Hof Leeuwarden, 09-09-2005, nr. 02/1463
ECLI:NL:GHLEE:2005:AU2516, Cassatie: (Gedeeltelijke) vernietiging en zelf afgedaan
- Instantie
Hof Leeuwarden
- Datum
09-09-2005
- Zaaknummer
02/1463
- LJN
AU2516
- Vakgebied(en)
Belastingrecht algemeen (V)
- Brondocumenten en formele relaties
ECLI:NL:GHLEE:2005:AU2516, Uitspraak, Hof Leeuwarden, 09‑09‑2005; (Eerste aanleg - meervoudig)

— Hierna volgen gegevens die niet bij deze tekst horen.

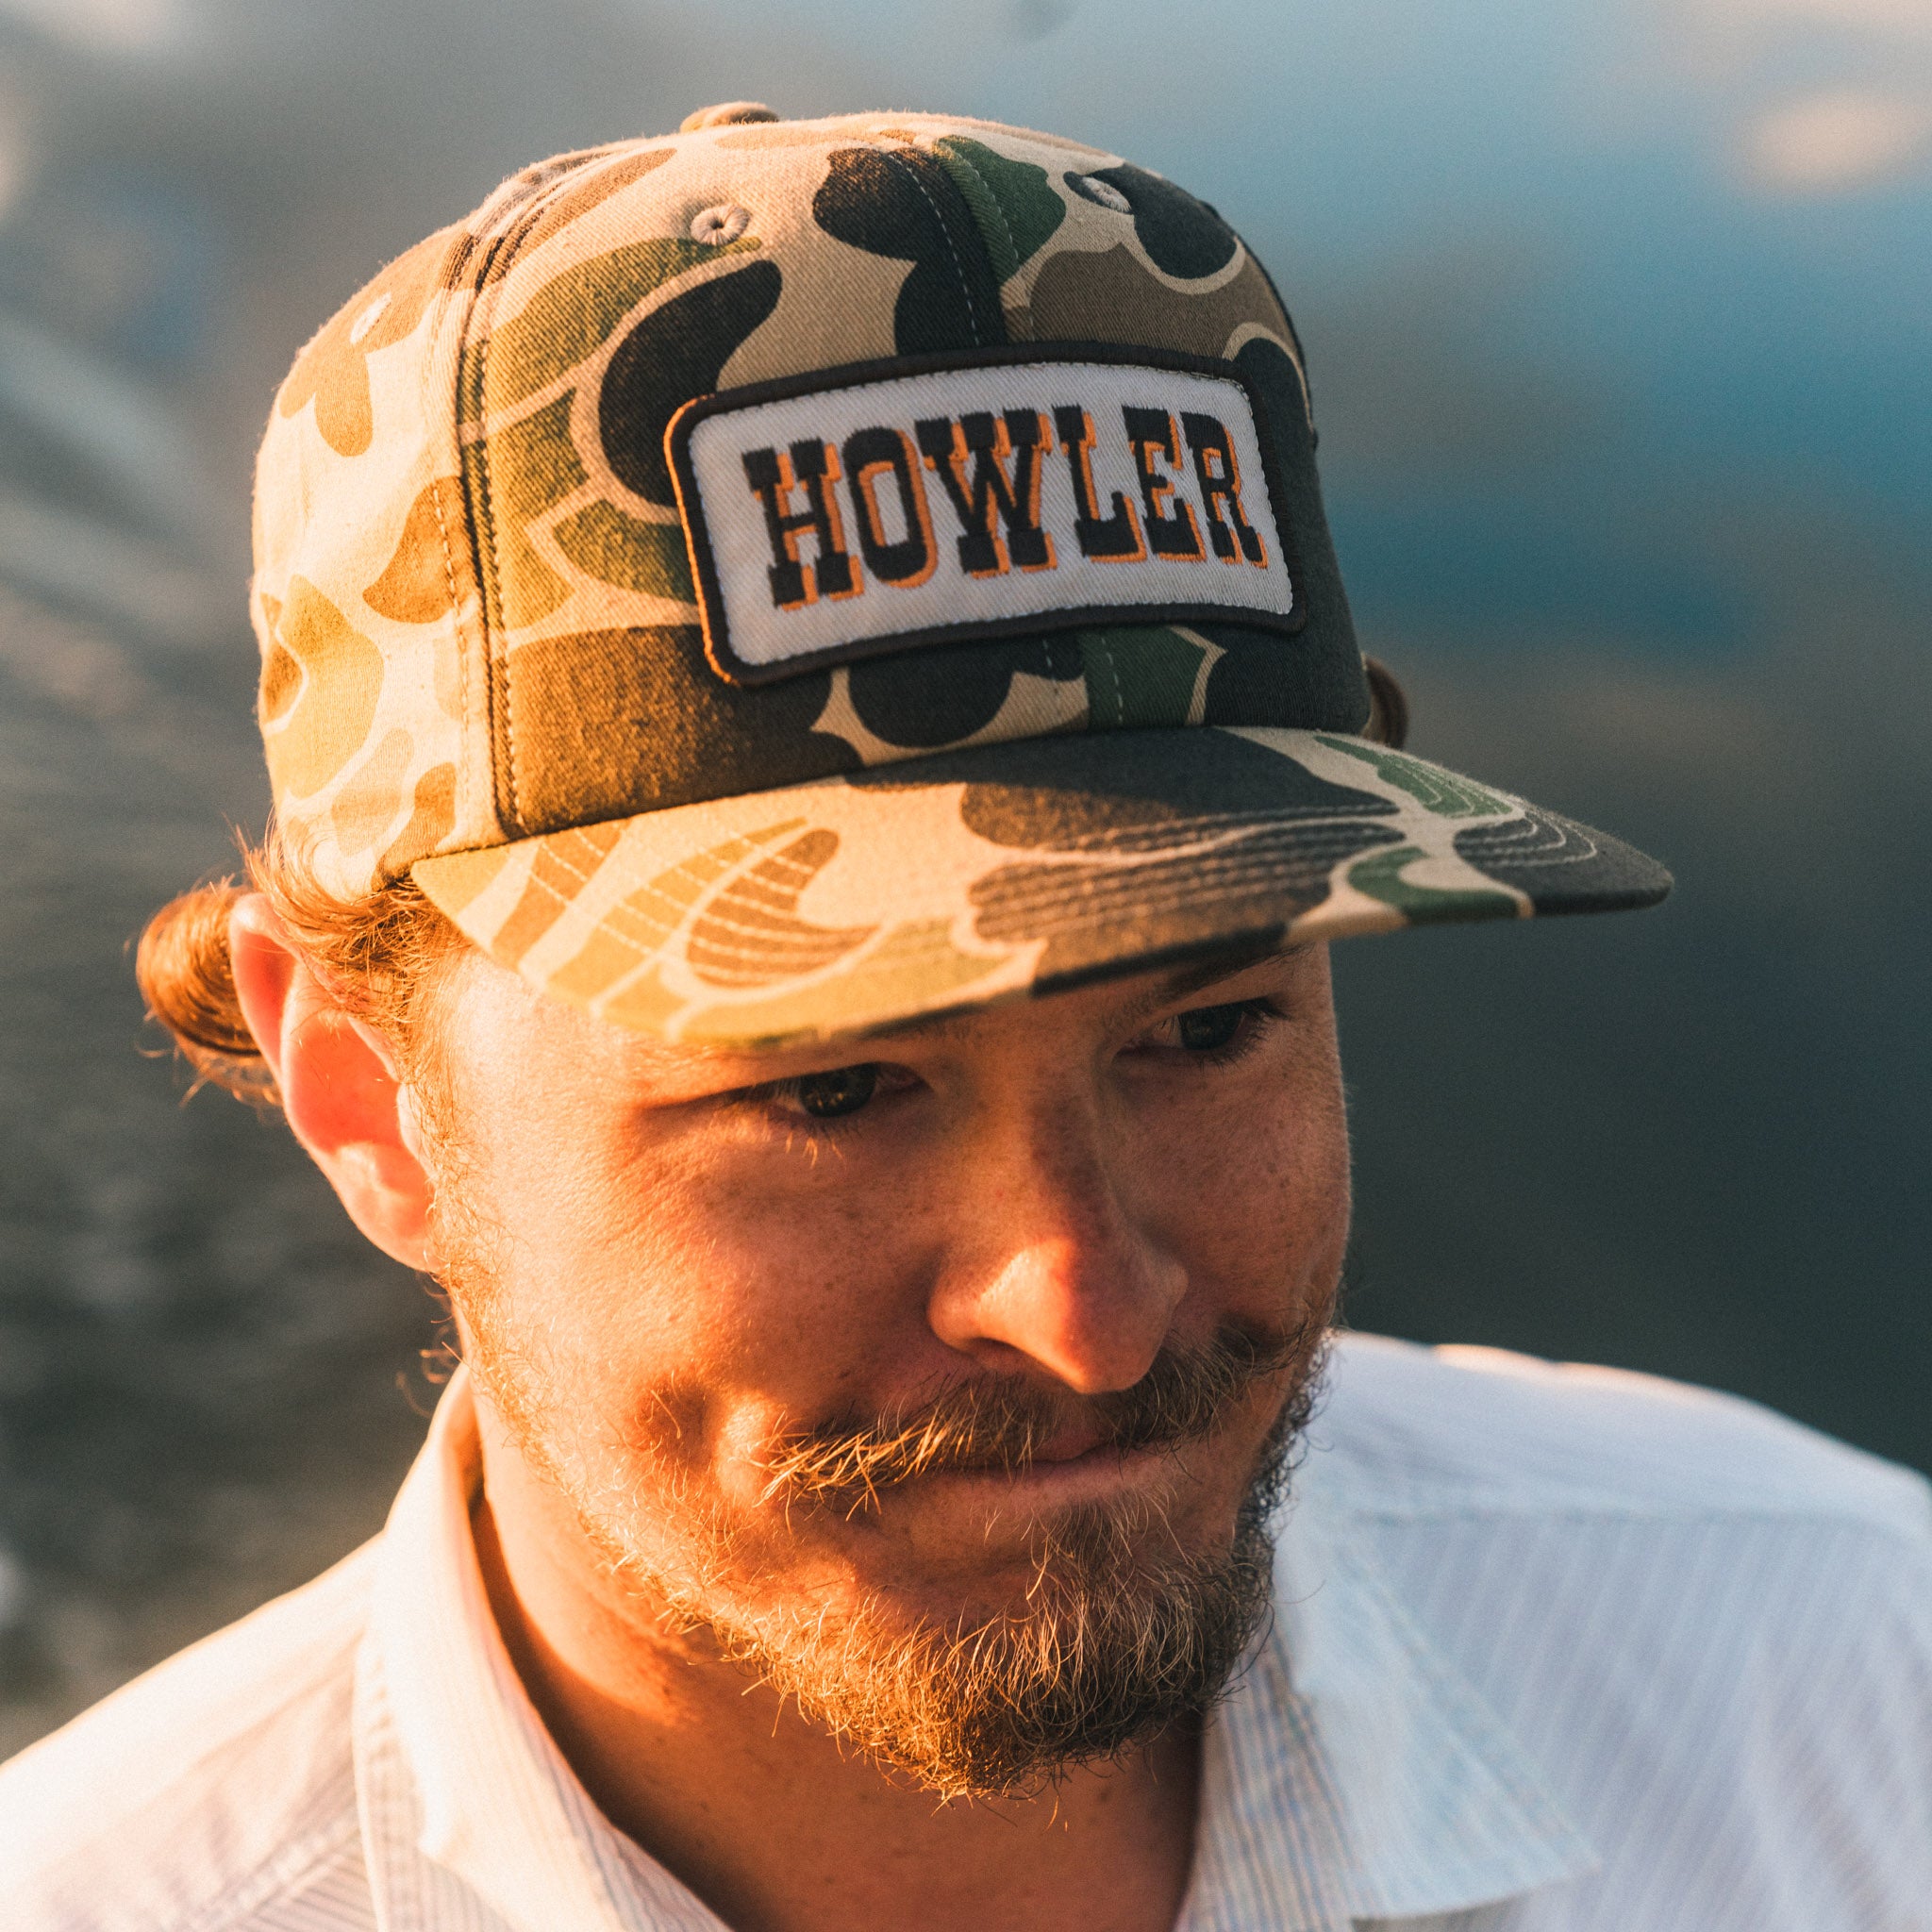 Irie Paradise Snapback : Brown – HOWLER BROTHERS

Cassatie: ECLI:NL:HR:2007:BA6564, (Gedeeltelijke) vernietiging en zelf afgedaan
- Wetingang
art. 8:75 Algemene wet bestuursrecht
- Vindplaatsen
Uitspraak 09‑09‑2005
Inhoudsindicatie
Te dezen is in geschil het antwoord op de vraag of de terzake van de inbreng van de apotheek uitgereikte aandelen zijn volgestort en derhalve de inbreng geruisloos kan plaatsvinden, welke vraag door belanghebbende bevestigend en door de inspecteur ontkennend wordt beantwoord.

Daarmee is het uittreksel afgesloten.